Particularly high average temperatures were recorded from western Siberia to Central Asia, and from eastern China to Japan, the report said, with Japan having its hottest summer on record. The report comes as a number of Asian countries have been hit by severe floods in recent weeks.

In southern China, more than 100,000 people were evacuated on Tuesday due to heavy rain and floods that have killed at least four people.

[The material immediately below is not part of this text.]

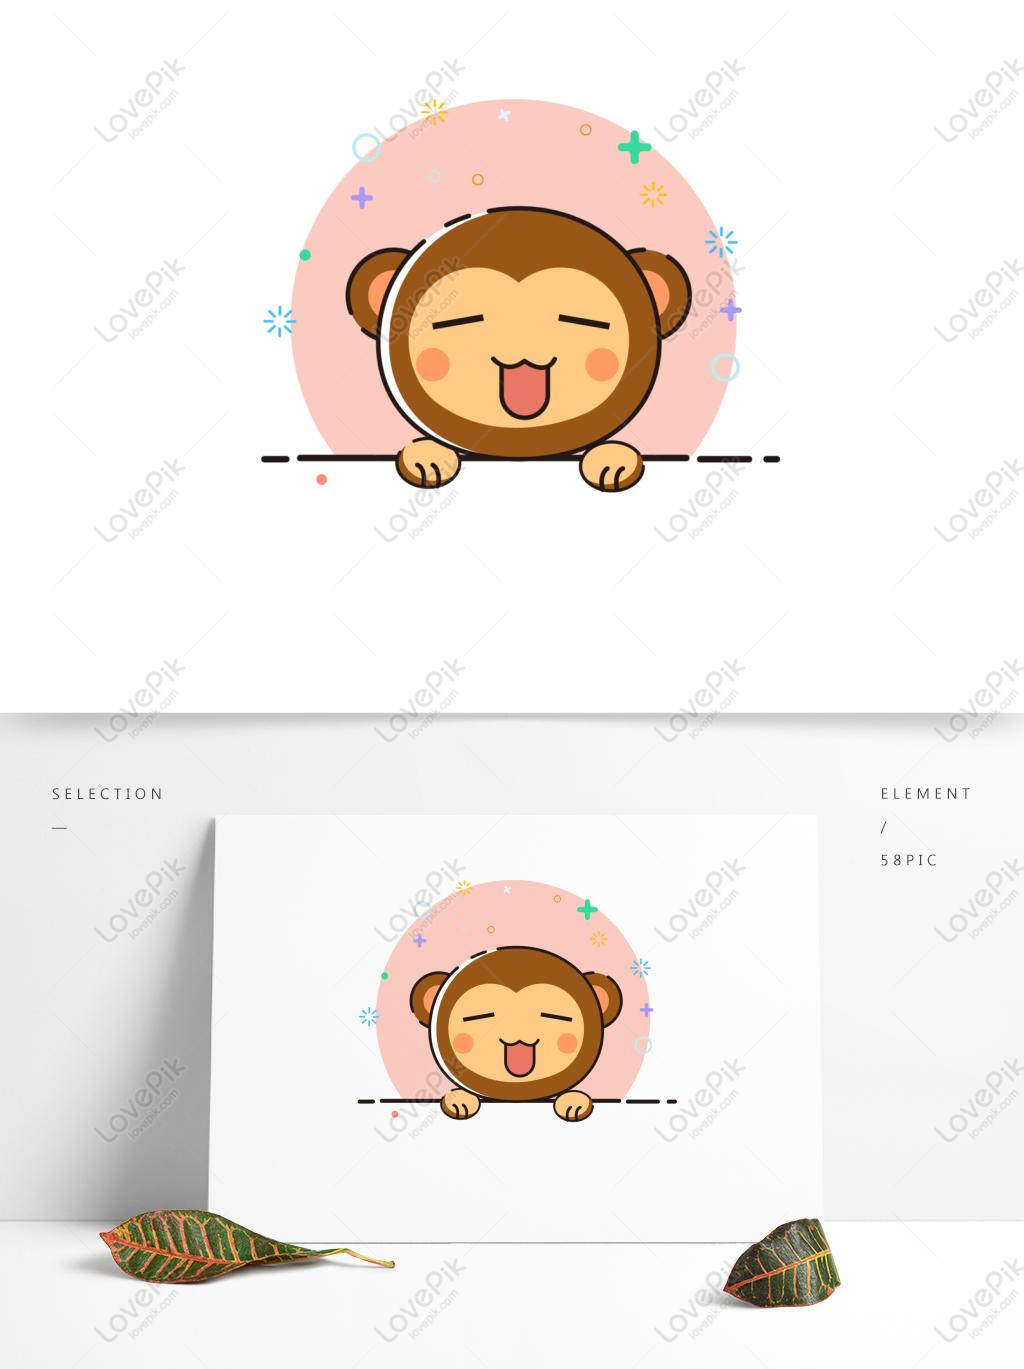 Tìm kiếm icon con khỉ đáng yêu để trang trí cho trang web hoặc ứng dụng của mình? Hãy tìm hiểu và chọn lựa icon với hình ảnh chú khỉ dễ thương để thu hút mọi người.

Meanwhile, authorities in Afghanistan and Pakistan last week declared a state of emergency in some regions after heavy rains and flash floods killed at least 100 people.

The WMO said there was an urgent need for national weather services across Asia to improve tailored information to officials working on reducing disaster risks.

“It is imperative that our actions and strategies mirror the urgency of these times,” said Saulo.

“Reducing greenhouse gas emissions and adapting to the evolving climate is not merely an option, but a fundamental necessity.”

Peter Newman, professor of sustainability at Curtin University, told media that climate change is a “war that we are inducing onto ourselves,” adding that the world is in the middle of climate crisis that is expected to get worse until net zero emissions are implemented thoroughly.

“If we can do that by 2040, for example, then immediately, we would start to get on top of it all, but until then we are going to have to expect more damage from floods, fires and all kinds of weather changes,” he said.

He referred to the recent floods across Asia as a “terrific wake-up call”, adding that the Intergovernmental Panel on Climate Change, of which he’s a co-ordinating lead author, has been predicting changes for some time, but that they have “come quicker than we thought”. (Int’l Monitoring Desk)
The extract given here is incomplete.